Jestrzcap writes "This just posted on Freshmeat: FairUCE (which stands for 'Fair use of Unsolicited Commercial Email') is an SMTP proxy, running between multiple instances of Postfix, that verifies email by attempting to verify the sender through lookups (a user customized challenge/response). It claims to be able to 'stop a vast majority of spam' without the need for content filters, and 'virtually eliminates spoofed addresses, phishing, and even many viruses with a few cached DNS look-ups and a couple of if/then statements'."

At last - a technological solution to spam!

No way will the spammers ever find a way around this. It's solid!

Oh crap....

[Justice8096]

I've already had problems getting email from my government coworkers with spam validators like this. The military really doesn't like broadcasting who their email servers are... So they regularly get sent to Junk Mail.

forward and reverse

[gonaddespammed.com]

If MTA's on the Internet required the forward and reverse DNS lookups to match ~70% of spam (and viruses) would disappear. This requires ISP's to correcty configure their DNS, which unfortunately doesn't happen because people are lazy.

Re:forward and reverse

[Skapare]

The reverse DNS for email is NOT for determining a match between the sender email address domain, and the server itself. All that needs to match is the hostname of the mail server itself, thus identifying who administers it (not necessarily who gets to use it). If the ISP administers the mail server, then the hostname in the PTR record of the appropriate in-addr.arpa zone will be a unique name in an ISP domain. The forward lookup then prevents forged PTR records by making sure the domain owner acknowledges that name belongs to that IP address.

While most ISPs do have reverse DNS on their mail servers, when you focus on just the servers that spam houses run from, this changes over to most do not. But what would really happen if everyone blocked on lack of matching rDNS is that the spammers would adapt and use it. Then we'd know what domain they are using. But many of them are now registering bulk volumes of domain names (if you're making a million dollars a month abusing other people's networks, registering 100 randomly generated domains a month is just a tiny cost of business).
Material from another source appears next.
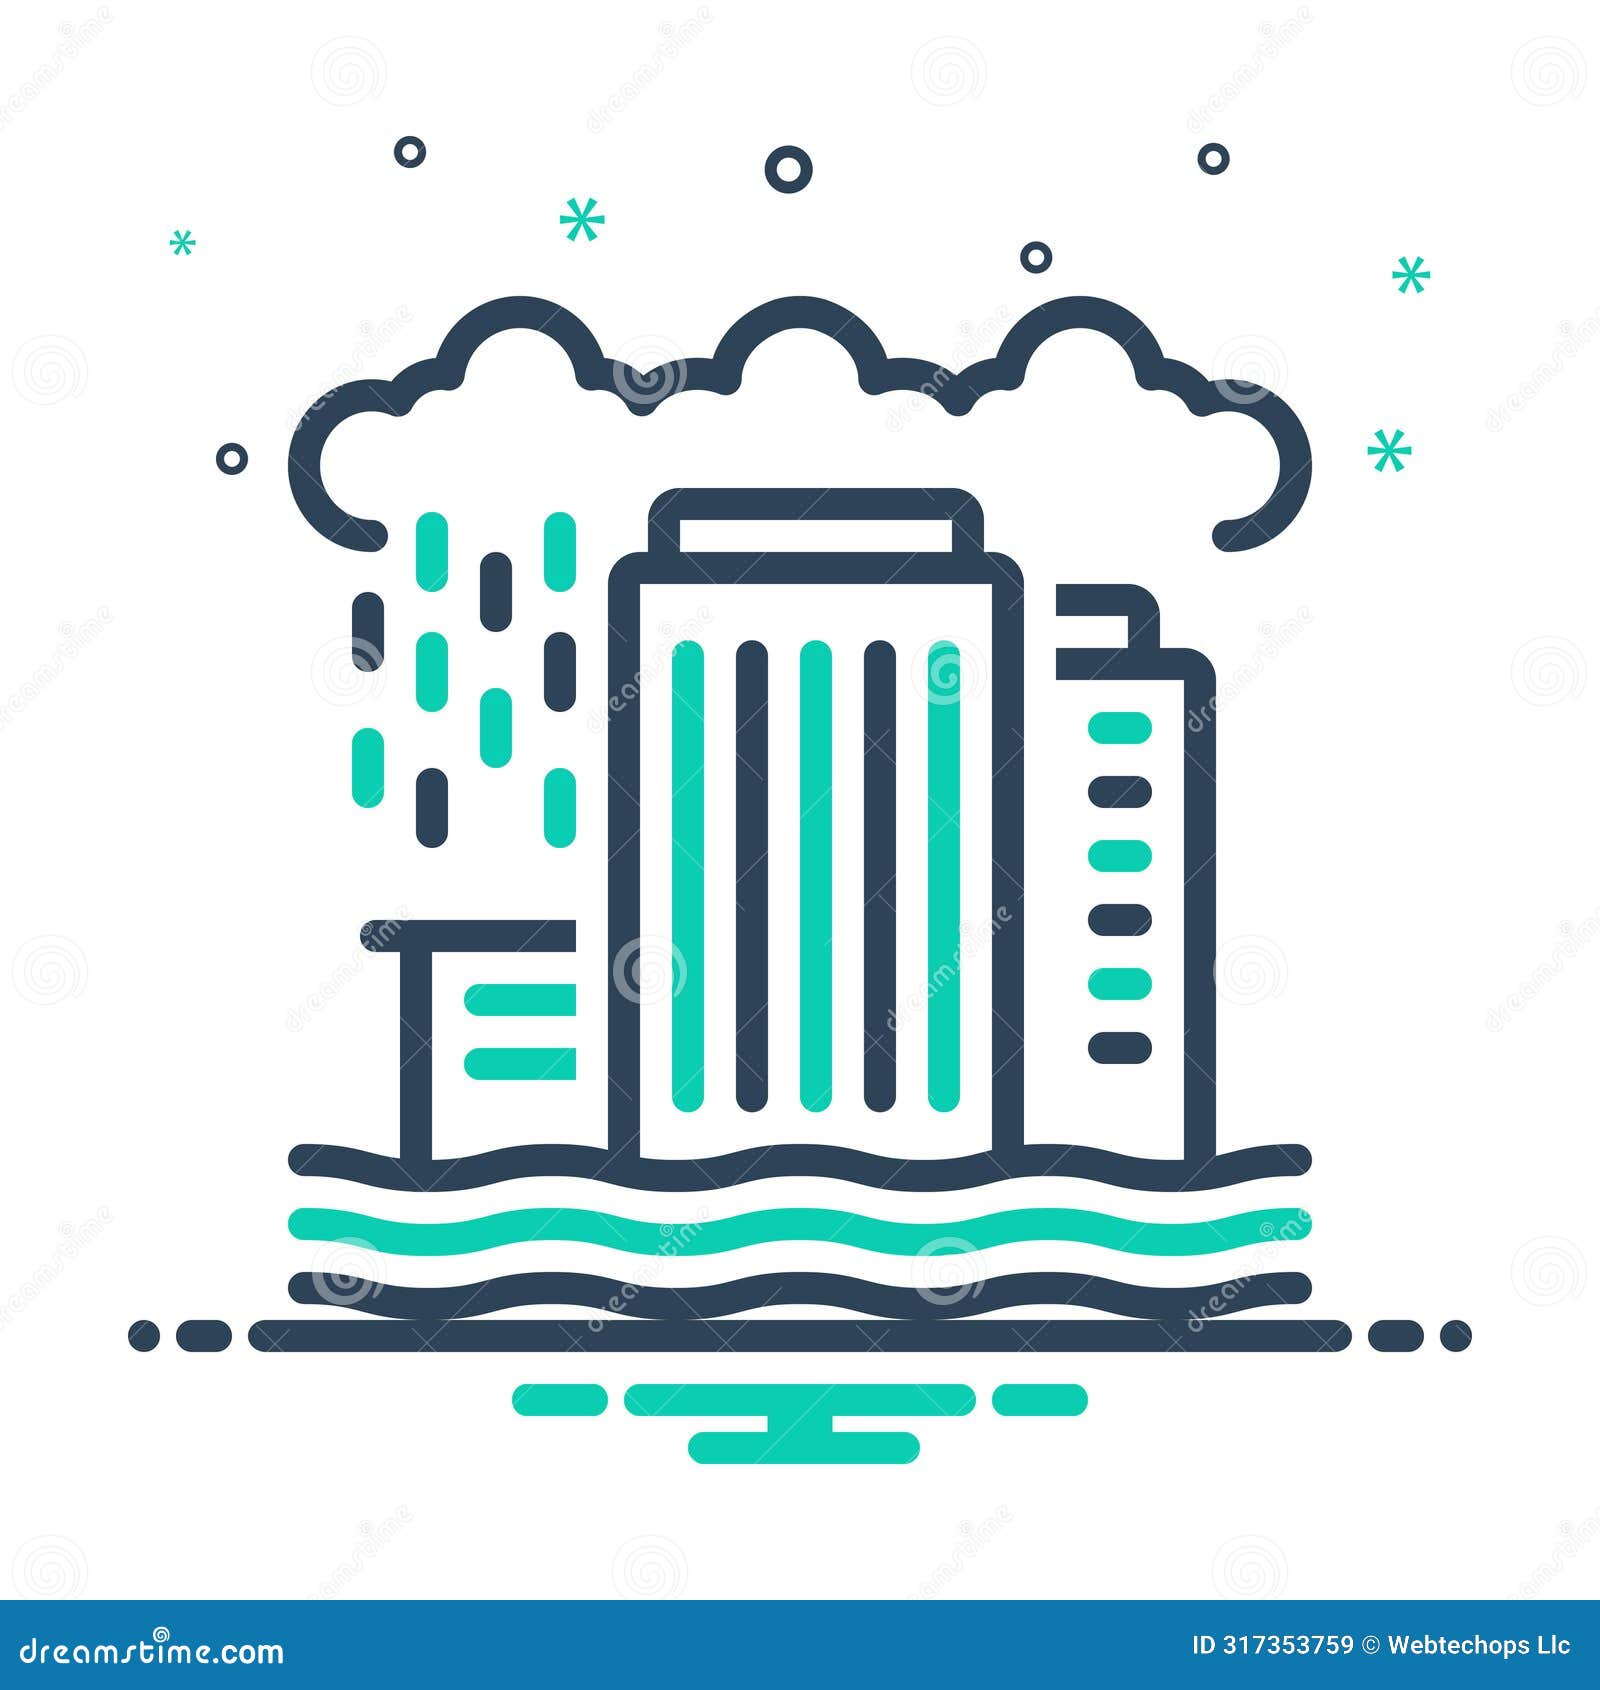 mix icon for flooding, deluge and flood

Will it be better than milter-sender?

[Matt+Perry]

FairUCE looks interesting but I'd be curious if it'd do a better job than milter-sender. About a year ago, before I installed milter-sender, I was receiving about 200-300 spams per day. Since installing milter-sender in March 2004 and adding the spamhaus SBL-XBL checks to sendmail, I've received (checking spam mbox) 1568 spam messages.

Re:Italics!!

No kidding, I hate people with slanted views.

Pyrrhic Victory?

[Jaysyn]

Doesn't this just create more traffic?

Jaysyn

Challenge Response Spam

[SnowZero]

One problem with challenge response is that Spammers not only send me spam, but send spam purportedly sent by me. I regularly get error messages about mail that could not be delivered. Now I'll get loads of challenge messages instead.

Of course if my MTA signed my messages with a random key, and the challenge message sent the key back, my MTA could filter out anything I didn't actually send. Unfortunately that requires coordination which the various email/spam task groups do not seem to be capable of.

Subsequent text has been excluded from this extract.